Markus Goorman, herald of the merchant privy council, watched dumbstruck as the corpse reached out with coal-black fingers and roughly took the envelope that he had forgotten he was still holding. Black flakes fell from the Norscan’s fingers as he clumsily broke the seal. One split eyeball and one socket that crawled with larvae examined the contents, then the zombie emitted a mournful sigh and drew an axe from his belt.
Mutely, Markus watched as more scorched bodies shambled from the mist.
There were hundreds of them, thousands, and with a collective moan that chilled Markus to his mortal soul, the army of the dead marched on the South Dock to wrest their city from the living.
Count Mundvard closed the Black Tome between shaking hands and stared across the rooftops of Marienburg’s old and wealthy. Flames tracked the paths of the canals, screams rising in their wake like smoke. As he watched, a canalboat caught alight, only to be crushed to kindling a moment later by the collapse of a wine shop. It had been owned by an Estalian family that Mundvard, seeing in that line a potential merchant councillor one day, had nurtured for almost fifty years.
The whole structure sank into the water in a column of sparks. Mundvard ground his teeth. Not since the defeat of Mannfred von Carstein at this city’s walls had he felt anger.
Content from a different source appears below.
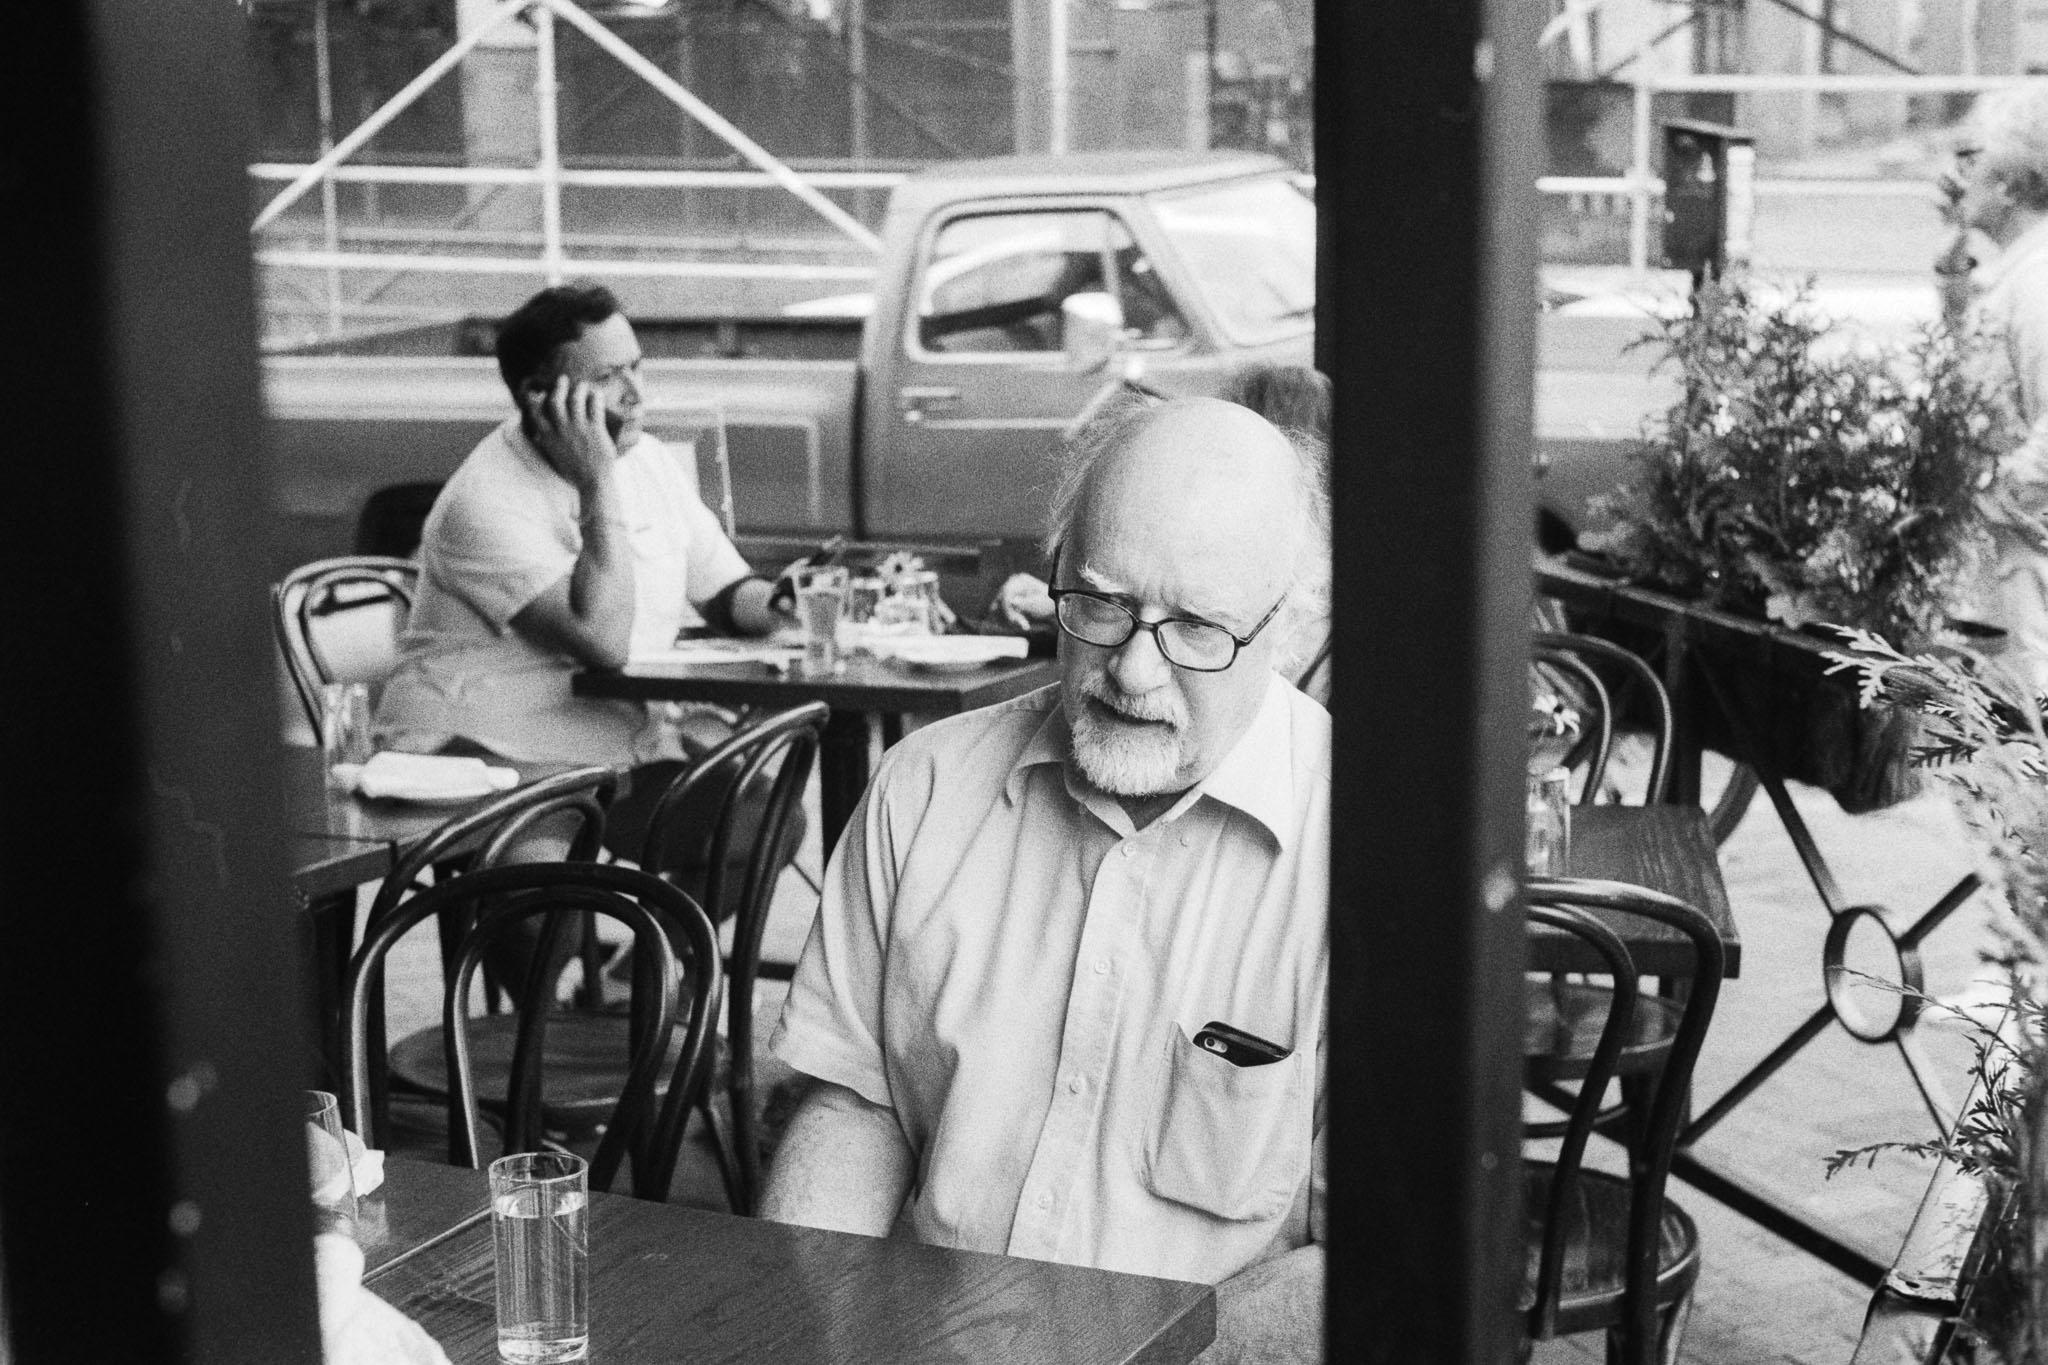 Camera: Leica M3  Lens:50mm 1.5 Summarit

This, however. This was fury.
He turned to Alicia, marble-hard and cold, unmoved by the terror of the bats that flapped around his face.
‘Fetch my armour.’
Noon
From false doorways and forgotten cellars throughout the old city, Marienburg’s dead rose to oppose the Norscan invaders. Skirmishes raged across nearly every street. In Hightower Keep, thousands of skeleton warriors in clinking mail rose from a mass grave to those lost in the Bretonnian occupation of 1597 in order to sally forth and drive the astounded Norscans back to their boats. It was on Suidstrasse however that the main southward push of the Chaos forces met the army of undead in pitched battle.
Before the Bretonnian civil war and the closure of the sea lanes, goods from every corner of the globe had poured in through the South Dock on their way to the markets of Altdorf. The wealth of the world had paved it, if only figuratively, with gold, and tall, brightly painted mansions and offices had risen along its way. Count Mundvard had watched it grow as an expansion of the docks as the city had risen in prominence under his stewardship as a sovereign state – a powerhouse in world trade.
He no longer recognised it.
The proud buildings were riven with varicose lines of black mould, and the highway that only yesterday had been filled with wagoners and bawdy seamen now heaved with warriors. Ranks of Norscans – more disciplined than their berserker reputation gave them credit for – pushed against a resolute cordon of skeletal warriors and zombies. The battle line bulged in the centre. There the strongest and bravest bellowed their war cries in the hope of attracting the blessings of the pestilential champions of decay that fought beside them. In the crush of combat, surrounded by screams and the rattle of bone, it was impossible to distinguish those heavily armoured warriors from the worm-eaten cadavers they waded through.
How could so many lives, so many ambitions and plans, be overturned in such a short time? Chaos, it seemed, was the sunlight in which the night’s dreams were burned away.
Well this, thought Count Mundvard, observing with crossed arms amidst a coterie of acolytes and retainers, is where this anarchy stops. It was an odd feeling to be in armour after so many years and the winged scarlet plate was freckled with rust. He felt immediate, connected to the moment in a way that, for all his influence, he now realised that he had not been in a long time.